## DATA EXCERPT
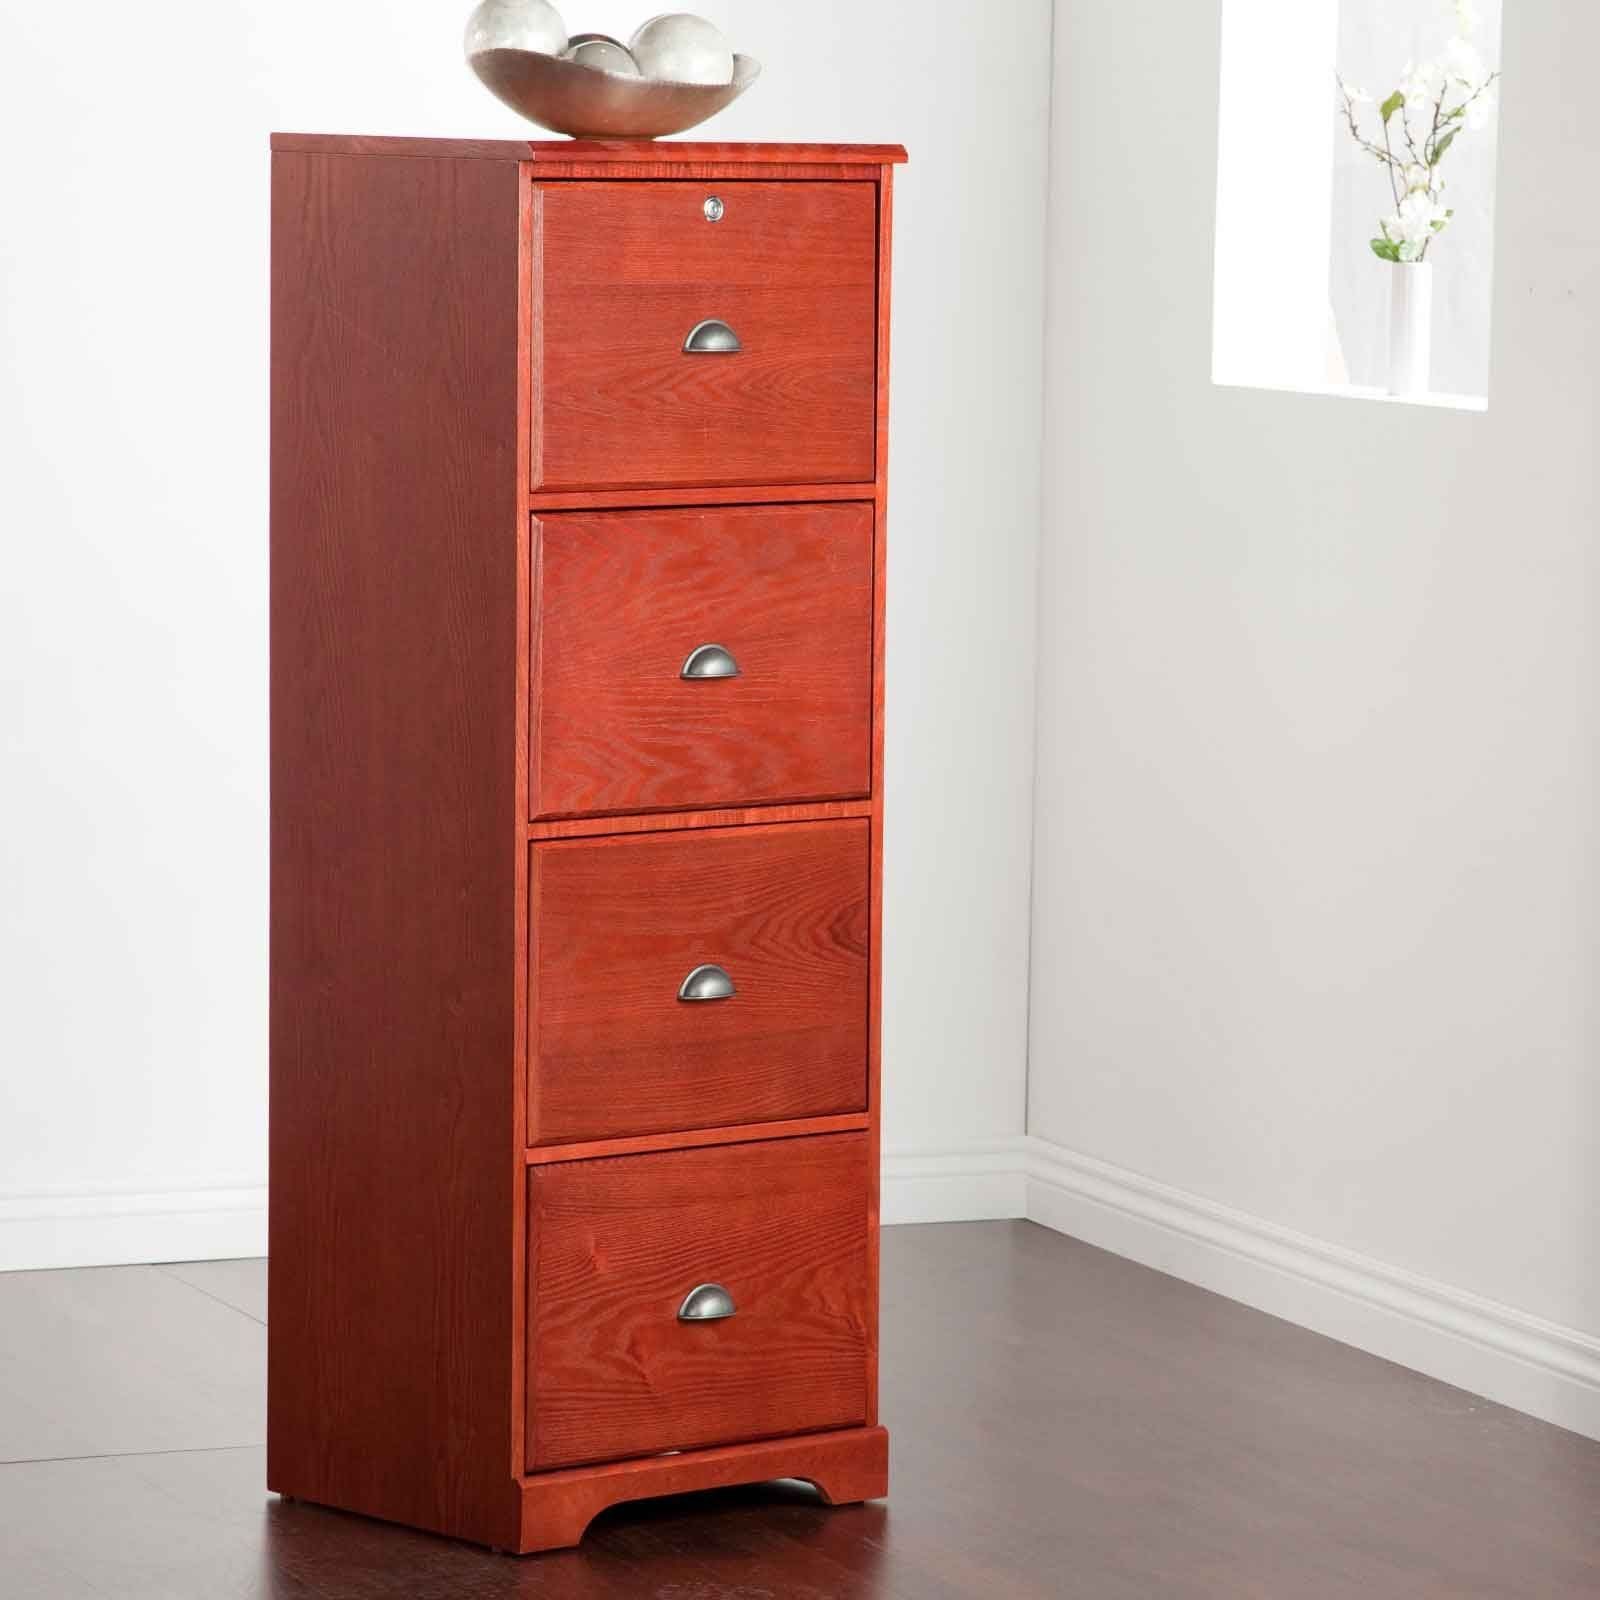 Vertical Wood File Cabinets 4 Drawer Filing Cabinet Liquor Cabinet Furniture Office Furniture File Cabinets
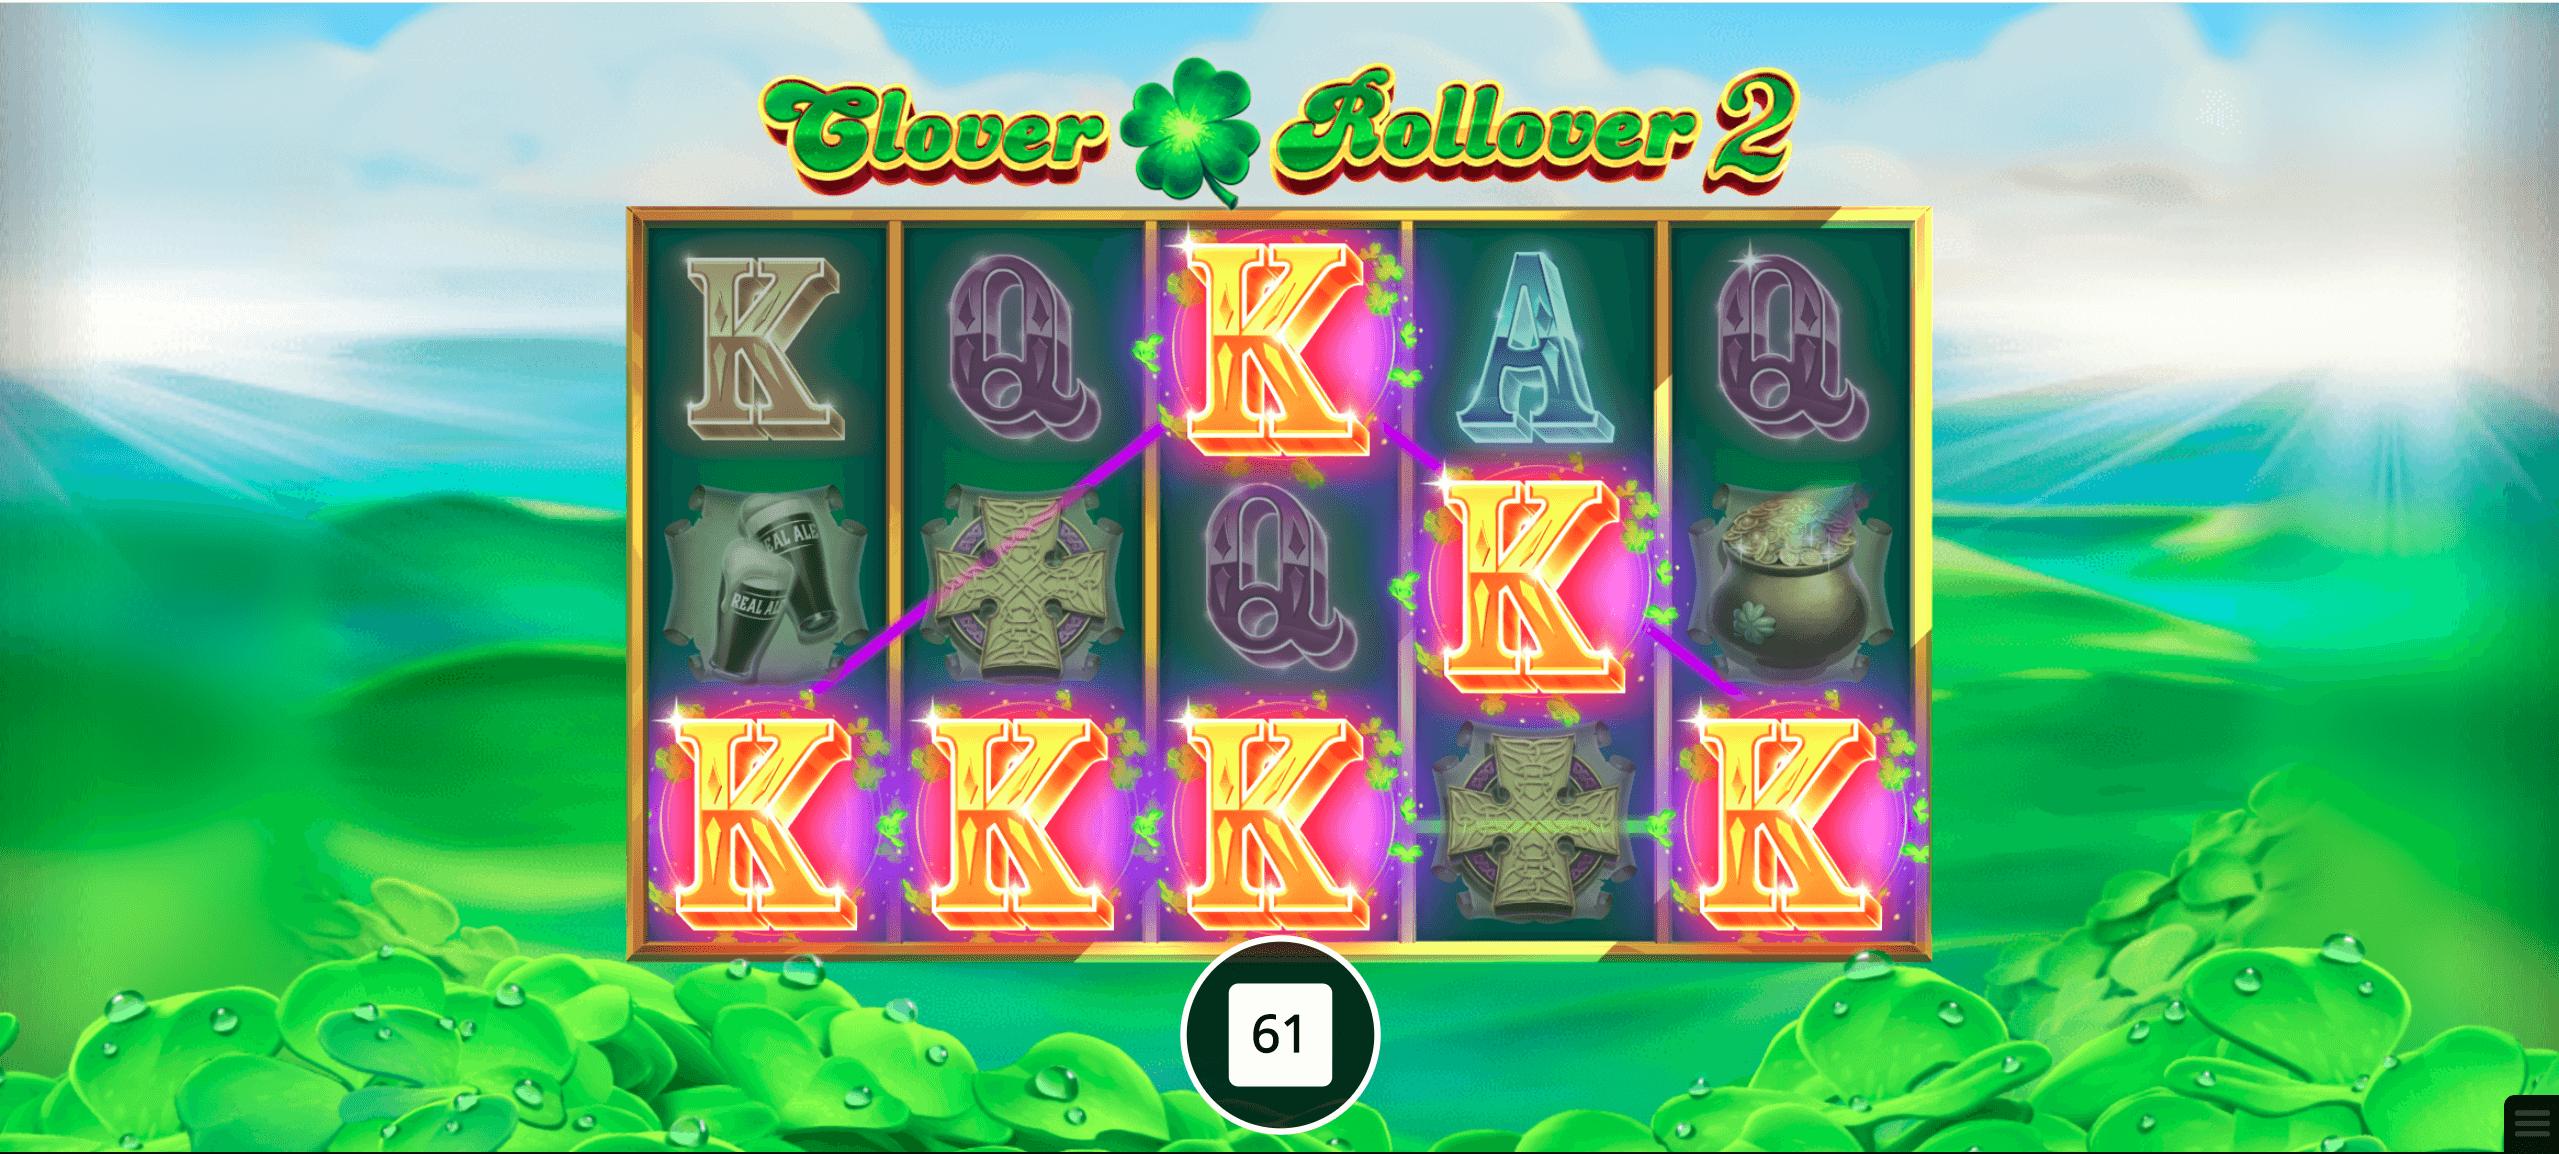 Play Clover Rollover 2 Slot | 50 Free Spins | PlayOJO
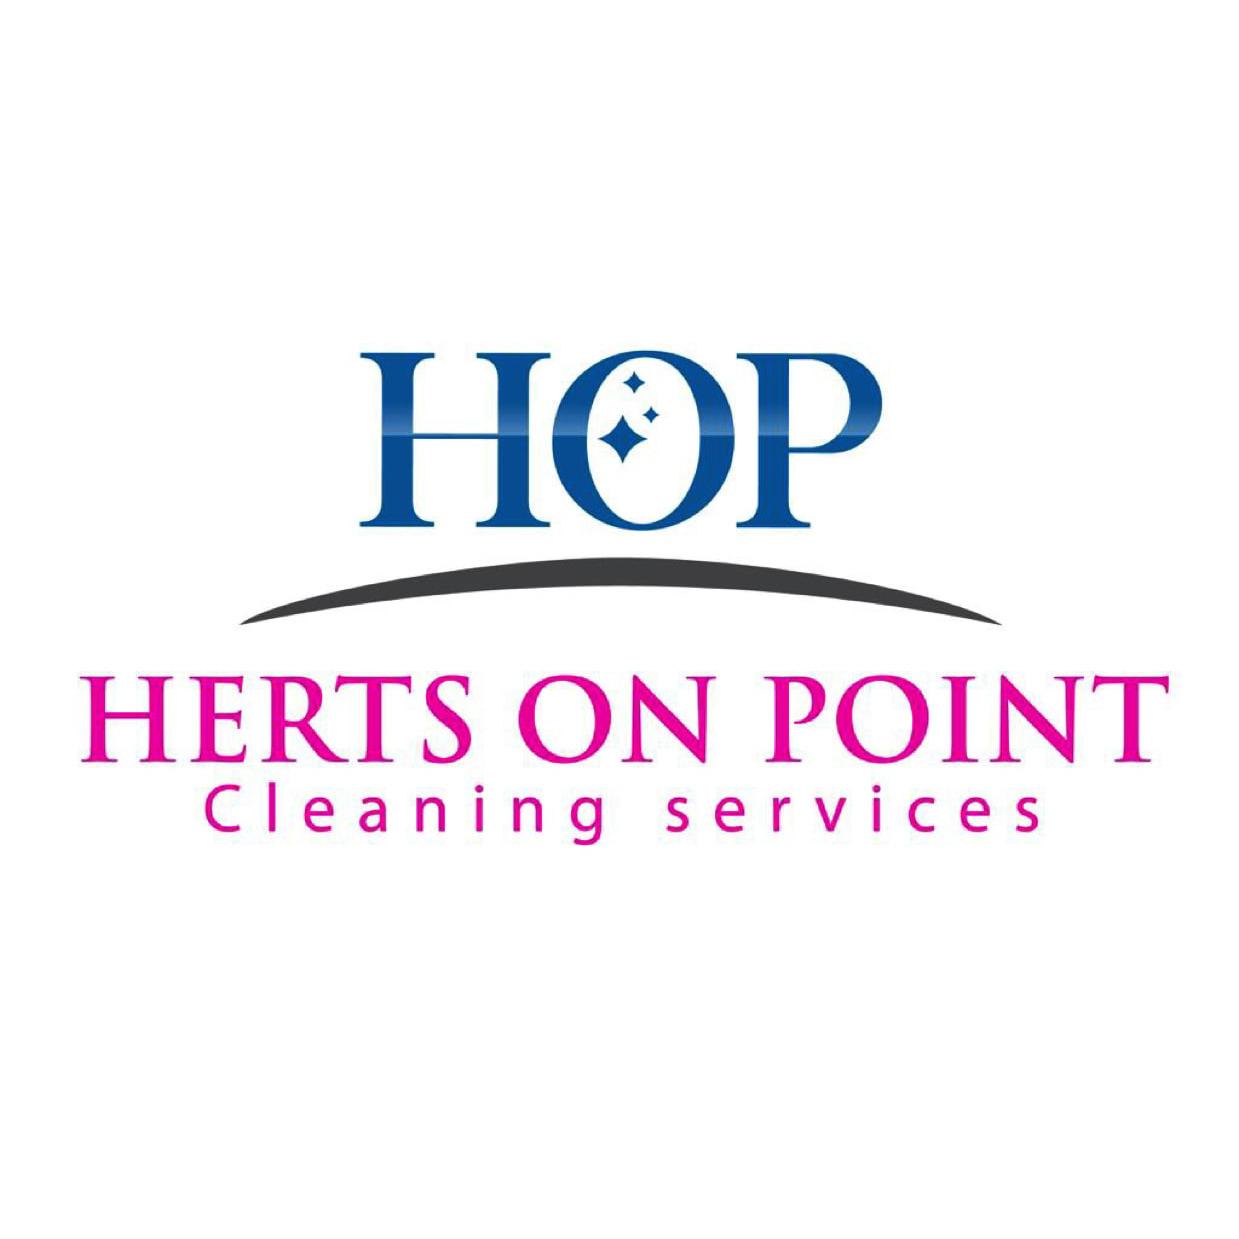 Herts on Point Cleaning Service Ltd - Hatfield, Hertfordshire AL10 9GE - 07809 695812 | ShowMeLocal.com

## ABOUT THIS TASK
Could the material above be given again in full and exactly, with its pictures left out?

## TASK RESULT
 Vertical Wood File Cabinets 4 Drawer Filing Cabinet Liquor Cabinet Furniture Office Furniture File Cabinets
 Play Clover Rollover 2 Slot | 50 Free Spins | PlayOJO
 Herts on Point Cleaning Service Ltd - Hatfield, Hertfordshire AL10 9GE - 07809 695812 | ShowMeLocal.com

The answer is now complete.